Inicialmente é preciso salientar que somos humanas e, muito antes de sermos mães, fomos filhas, netas, amiga, esposa, profissional. Importante pontuar para que fiquem claras duas coisas. A primeira delas é que não somos um saco vazio. Todas essas relações nos construíram de alguma forma, nos alegraram ou traumatizaram, fizeram com que nos sentíssemos queridas ou desprezadas.
Sendo assim, então, por mais que o amor seja incondicional, todas as nossas atitudes para com os filhos são carregadas de nós e, por isso, tantas situações “batem” neles de maneira tão diferente do que deveria.
Lá na minha casa, por exemplo, a Gabi é uma menina extremamente determinada, porém sensível e muito comunicativa. Do lado de cá, tem uma ogra, prática. Depois de vencido o desafio de ouvi-la com todos os detalhes que cabem na sua história sem desviar a atenção, preciso encontrar uma forma delicada de usar as palavras. Caso isso não aconteça, soa como desamor.
Depois de levar muito tempo para perceber tudo isso, hoje considero termos mais sucesso que fracasso. E essa é a segunda grande questão, a obrigação de estarmos atentos ao que é nosso e ao que é dos filhos e, ao identificarmos, a obrigação de nos curarmos.
Machucá-los será inevitável, por mais amor que exista. E nem é de todo mal porque as frustrações em casa são escola para que lidemos com as adversidades na rua. O ponto é empurrar um trauma para frente.
Até hoje ao ameaçar um temporal, meu inconsciente entra no modo pânico por treinamento. Na infância, minha avó fazia sentar longe de lâmpadas, de tomadas, com tudo desligado… esperávamos pelo fim do mundo cada vez que o céu acinzentava. Mas é que ela foi criada no sítio, numa época em que haviam grandes tragédias por choque elétrico com raios, por isso se defender fazia tanto sentido a ela.
Gabi e Neto nem percebem como está o tempo, não faz diferença. Veja, hoje a chance de alguém morrer com um temporal são mínimas. Então, por mais que meu cérebro instintivamente vá para o buraco do medo, eu o mostro que as condições são outras e que estou segura. Não passei o trauma adiante, mas transferi o ensinamento de que, ao menor sinal, devemos ficar longe de lugares descampados e sob árvores.
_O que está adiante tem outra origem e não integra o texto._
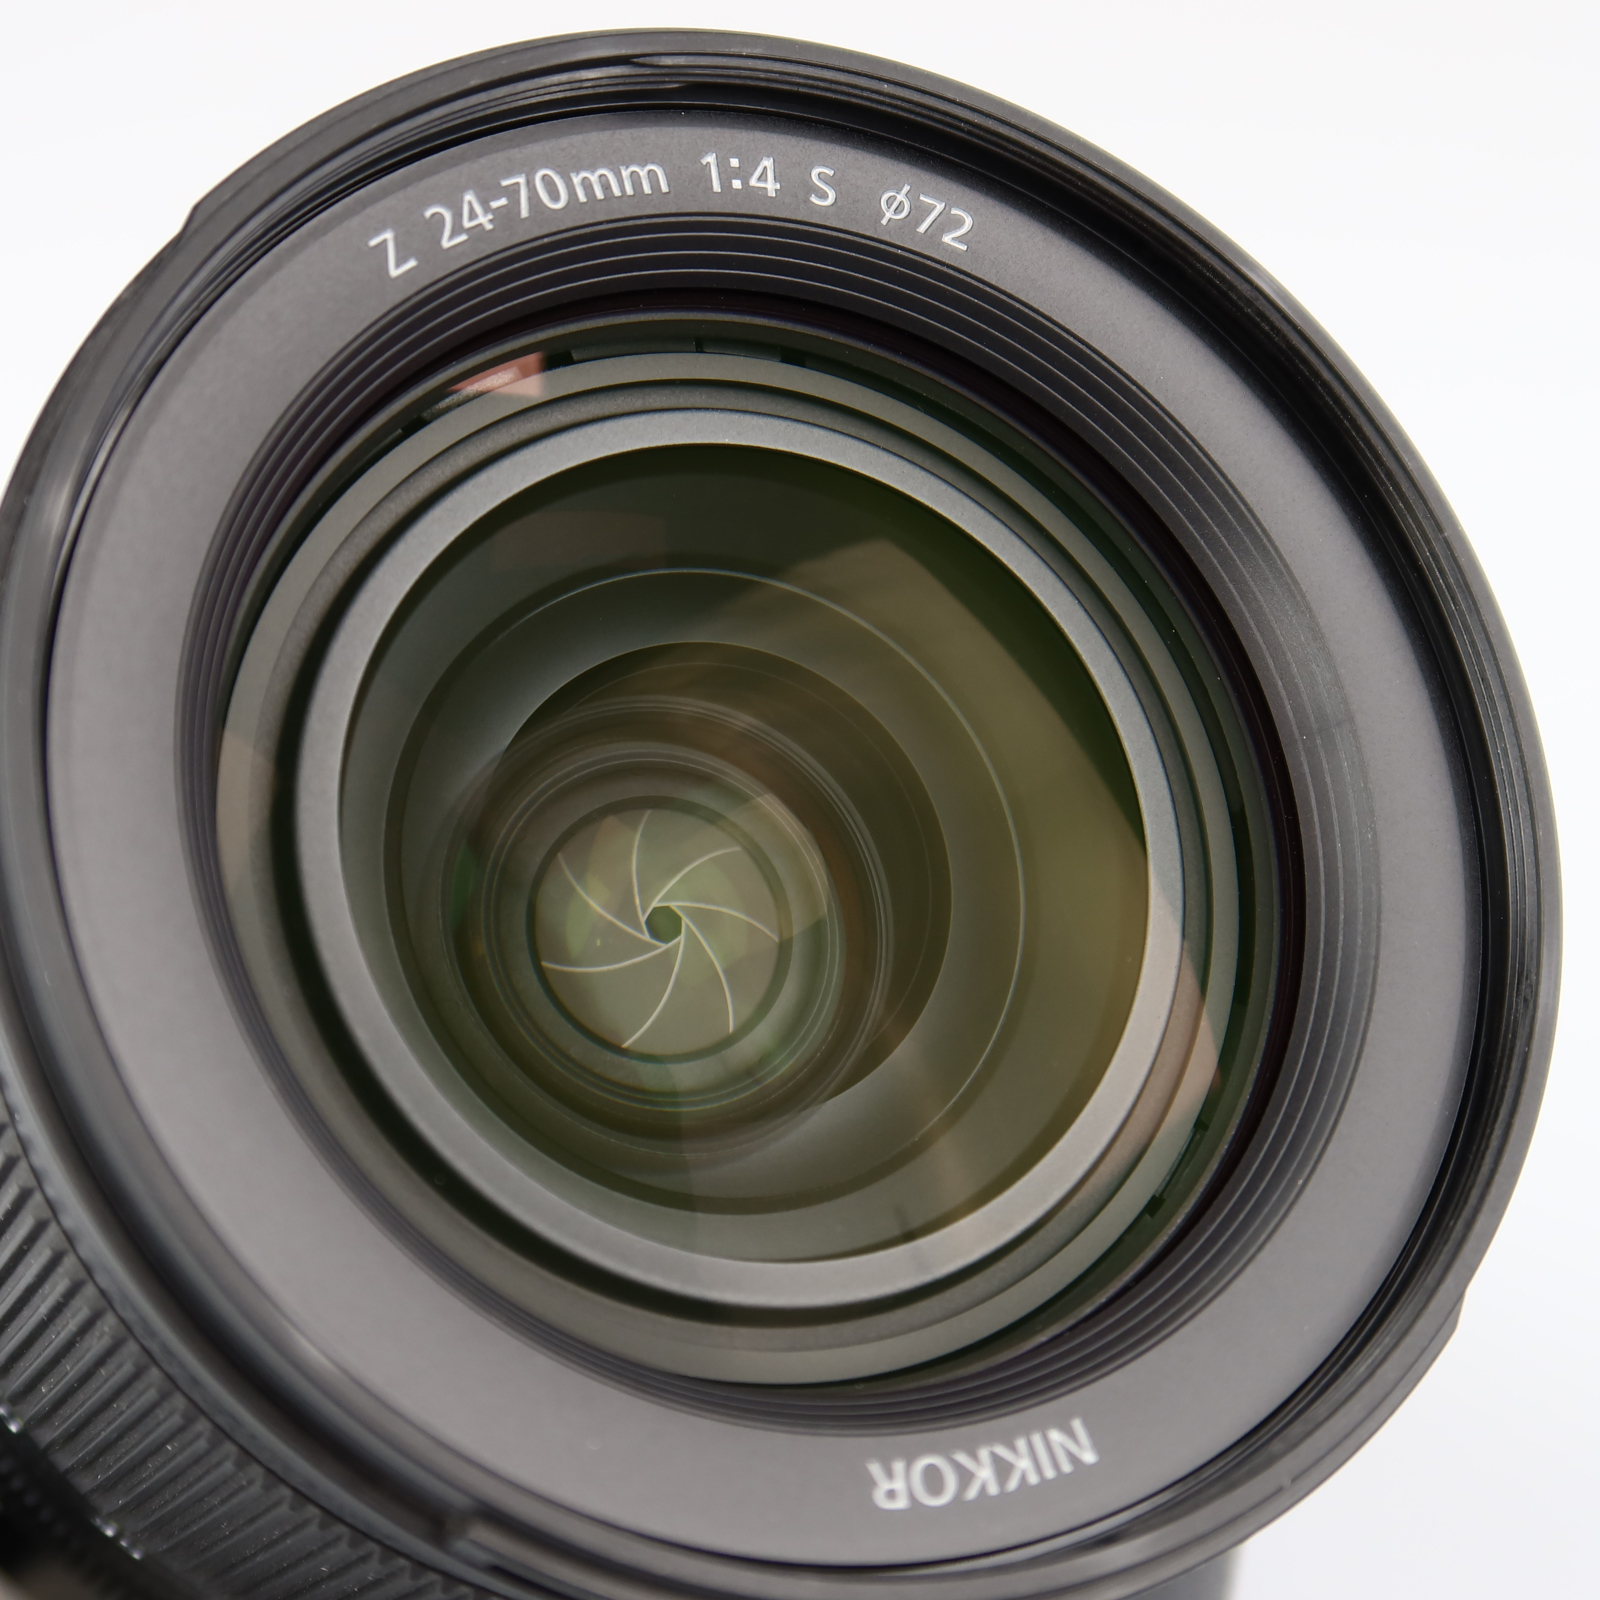 (Myyty) Nikon Nikkor Z 24-70mm f/4 S (käytetty)

As nossas dores mais nos paralisam do que impulsionam e por isso é tão injusto que coloquemos o que é nosso na mochila dos filhos, que por si só, como seres independentes, terão os próprios. Um grande desafio, talvez mais um dos básicos, é compreender que, embora tenhamos um vínculo eterno, somos pessoas distintas que dividiremos a vida por instantes, que ainda que pensemos serem nossos por todas as entranhas de tramas desde a concepção, não os são.
E esse é o lado de lá. Essa independência por vezes vai nos bater, também vai nos machucar, também gerará feridas, algumas bem difíceis de serem cicatrizadas. E nessa hora somos salvas pela cartada maior, pelo “zap” das mães, característica abundante em nós, o amor, a pílula que junto com o tempo recoloca tudo no lugar.